Le Devoir

Comme il lui plaira

Le créateur Cliff Cardinal propose dès jeudi au FTA une relecture radicale d’une comédie shakespear­ienne. Mais jusqu’à quel point ?

- MARIE LABRECQUE COLLABORAT­RICE LE DEVOIR

Diplômé en écriture dramatique de la section anglophone de l’École nationale de théâtre en 2015, Cliff Cardinal n’avait pas tardé à imposer sa voix. L’année suivante, alors que l’auteur et interprète présentait son saisissant solo Huff à Montréal, le critique du Devoir soulignait le choc provoqué par l’oeuvre de ce « conteur féroce ». Ce réputé créateur de la scène canadienne est de passage au Festival TransAméri­ques avec son William Shakespear­e’s As You Like It, A Radical Retelling by Cliff Cardinal. Un audacieux spectacle qui a beaucoup fait jaser lors de sa création à Toronto, à l’automne 2021.

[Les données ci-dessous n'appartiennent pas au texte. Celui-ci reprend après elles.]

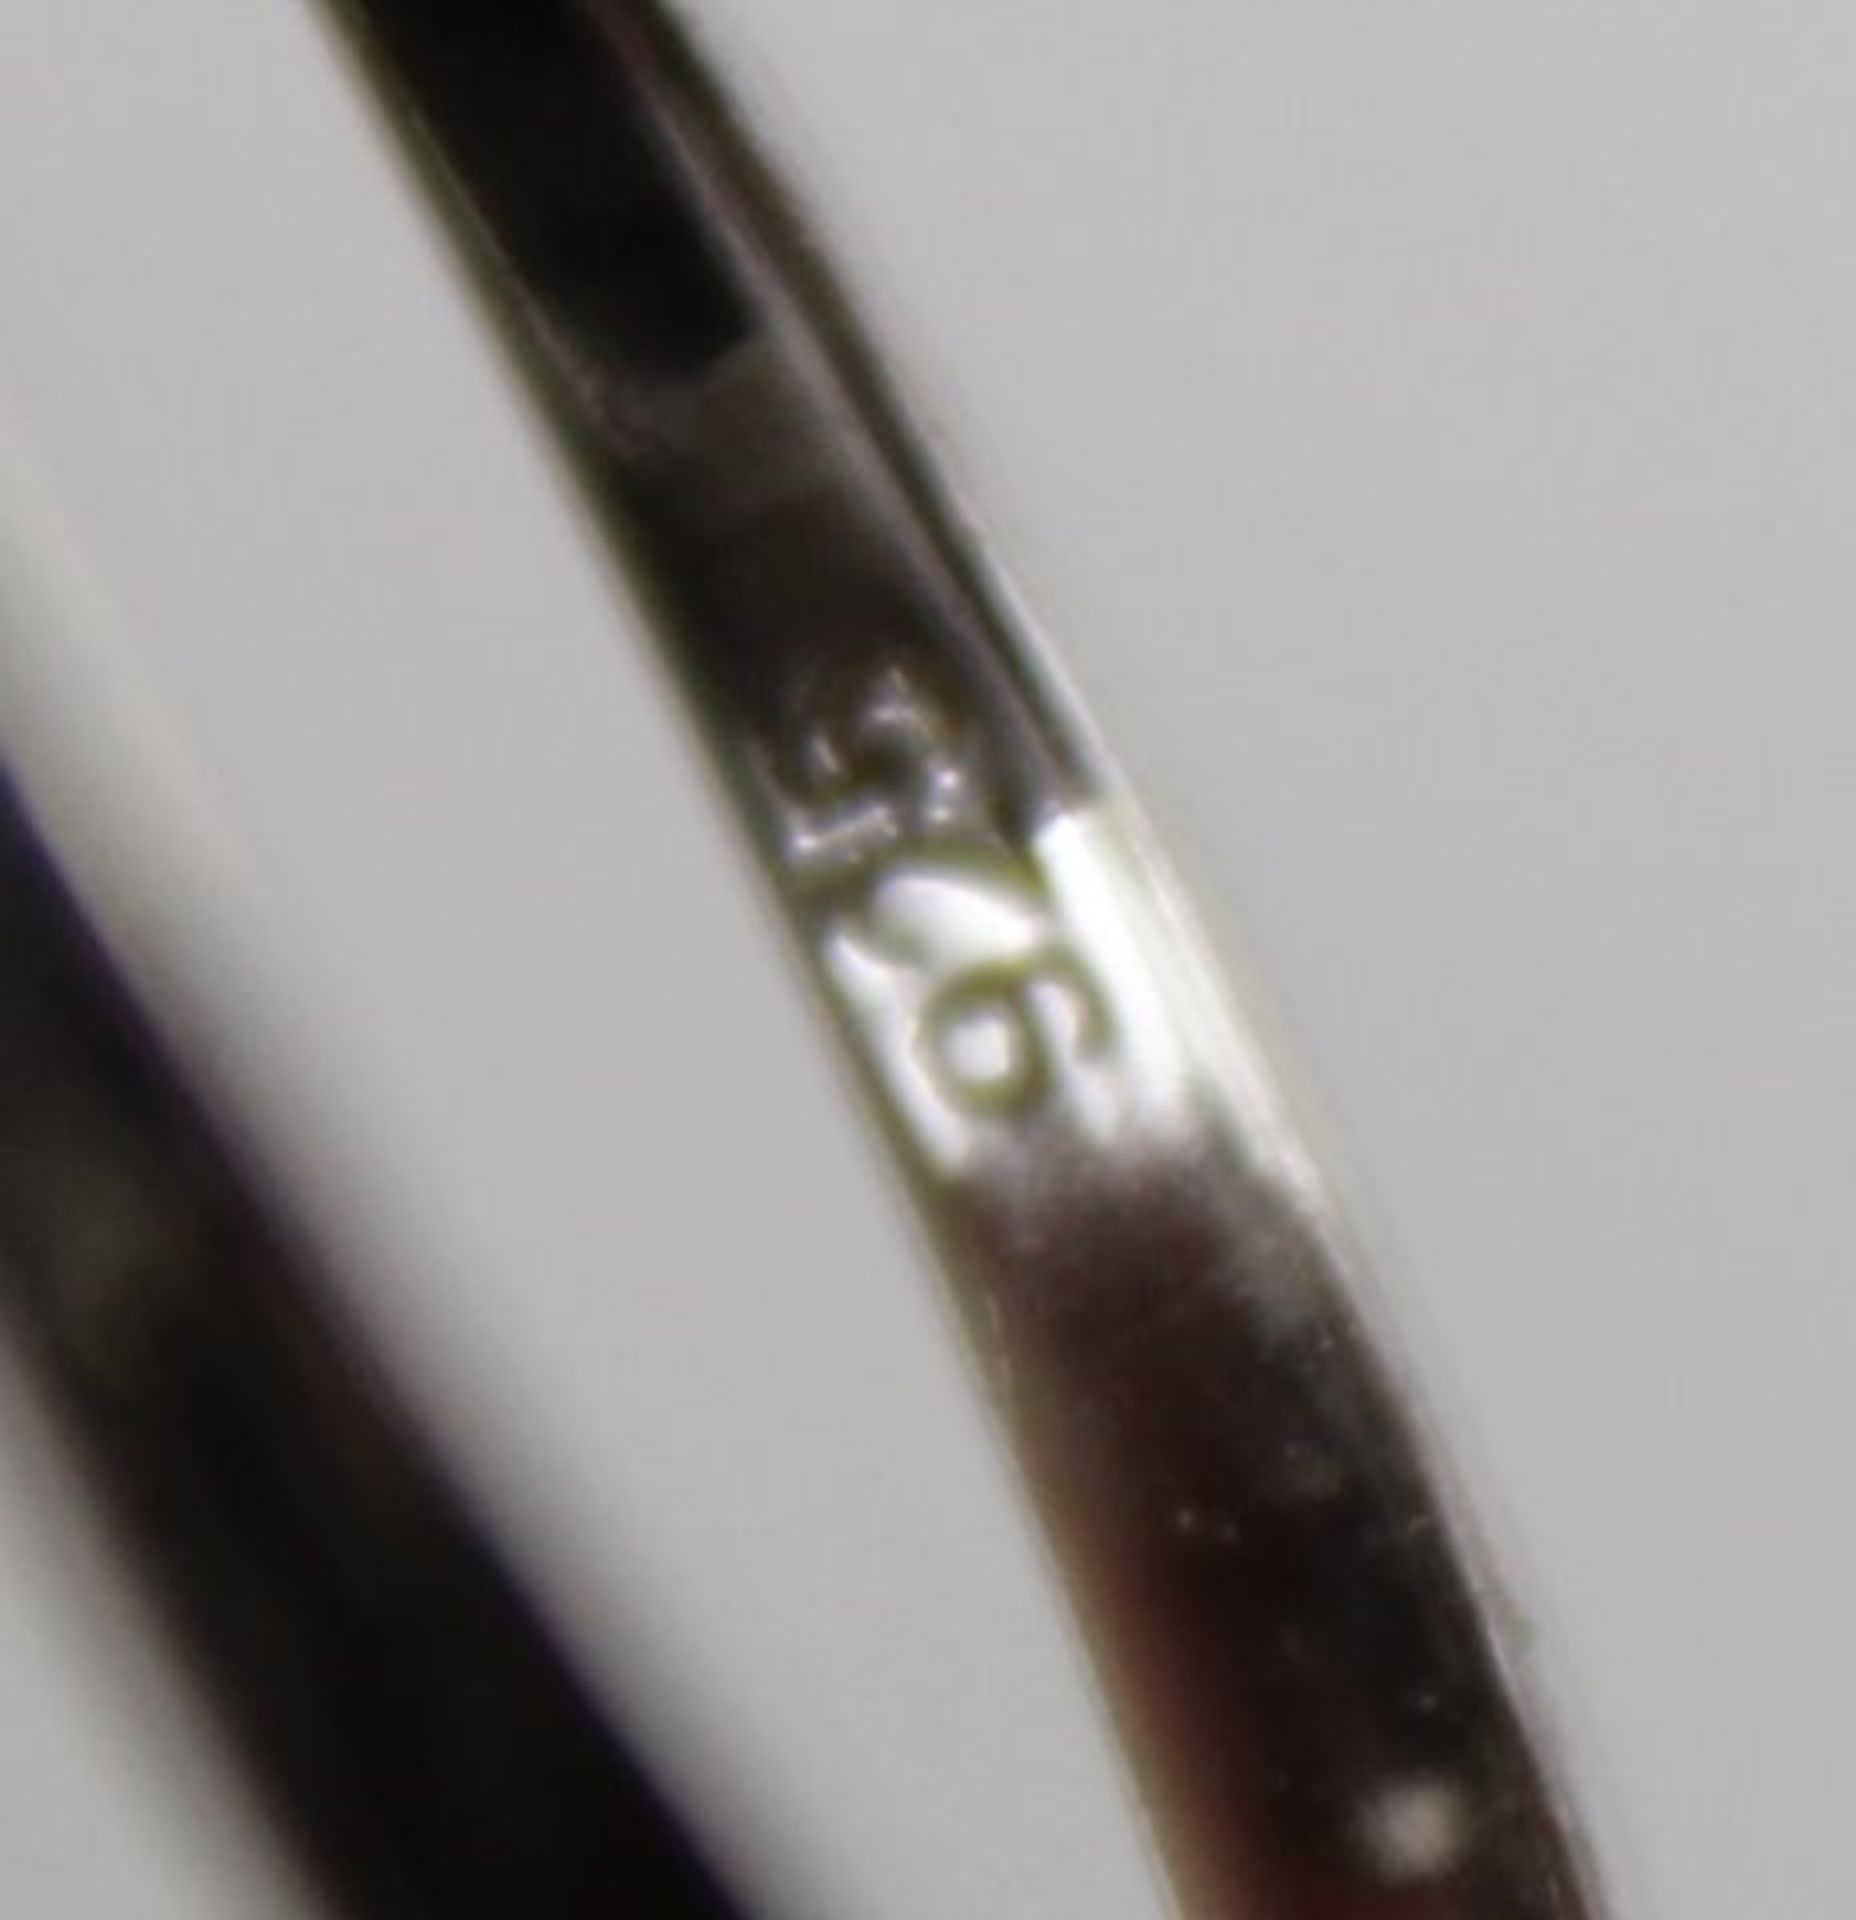 925er Silber-Ring mit Perle und klaren Steinen, RG 57, 3,4gr. - Bild 5 aus 5
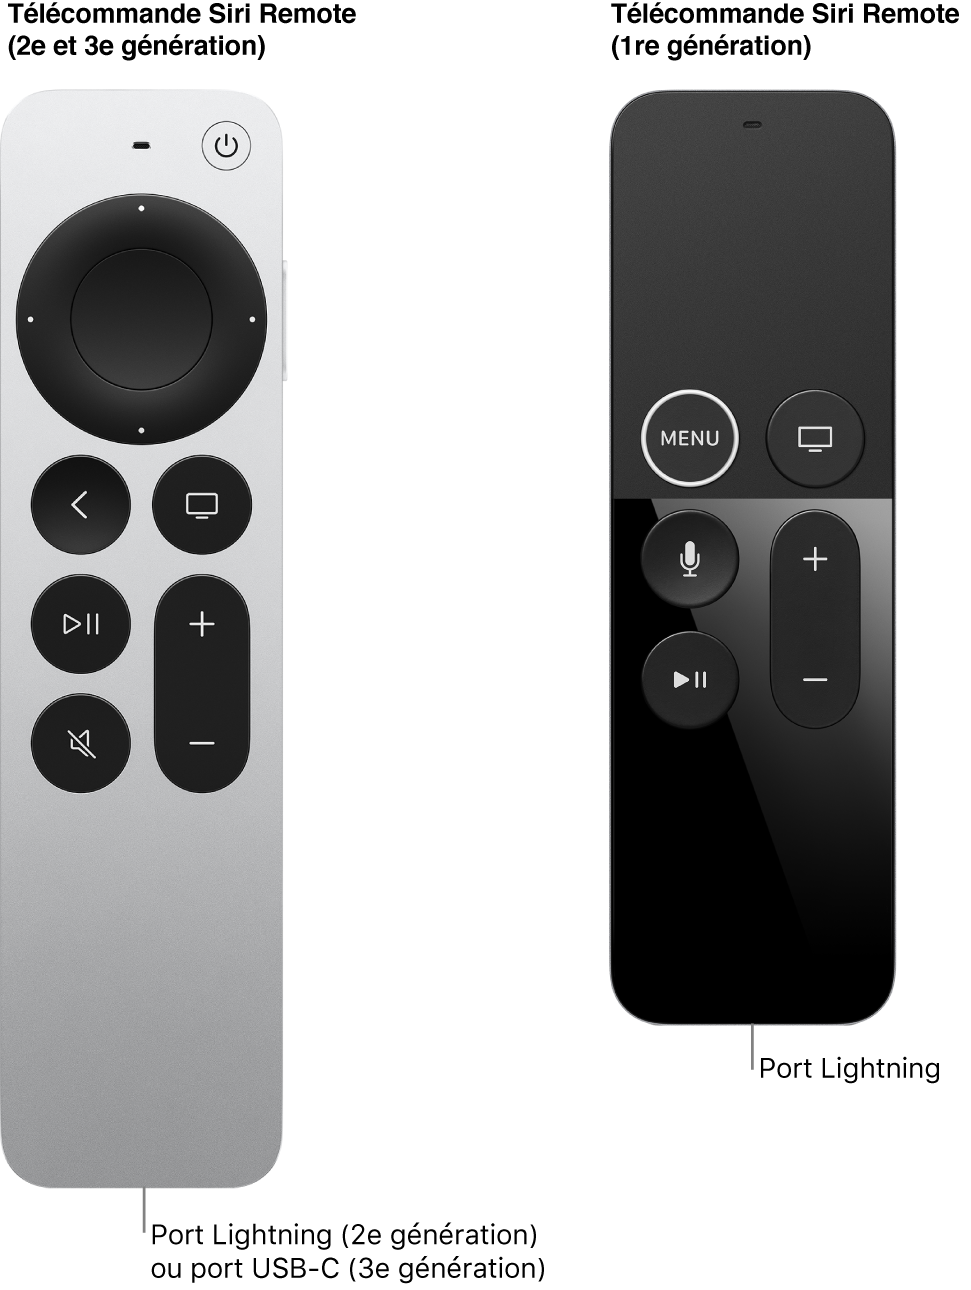 Image de la télécommande Siri Remote (2e et 3e générations) et de la télécommande Siri Remote (1re génération) montrant le port du connecteur

Installé dans la Ville Reine, cet artiste Oglala Lakota est originaire de la communauté de Pine Ridge, au Dakota. Il se qualifie d’outsider. « La chose qui semble la plus universell­e dans ma perspectiv­e d’Autochtone — mais il n’y en a pas deux pareils —, c’est que je vis dans un pays qui a essayé de me tuer, de tuer les Autochtone­s. Et nous sommes toujours ici, et nous leur rions toujours au nez. [Cette identité] m’apporte donc un point de vue extérieur. Comme si je voyais toujours les choses un peu avec un regard neuf. »

Sa nouvelle création émane, dit-il, d’une idée de Chris Abraham, le directeur artistique du Crow’s Theatre : revisiter Comme il vous plaira, pièce de Shakespear­e dans laquelle des citadins quittent la ville pour aller dans la forêt d’Arden, un espace de liberté. « C’est une gentille comédie pastorale pleine de délicieux humour corporel et de sexualité. Et je pensais que c’était un très bon moyen d’examiner la relation avec les population­s autochtone­s » au Canada.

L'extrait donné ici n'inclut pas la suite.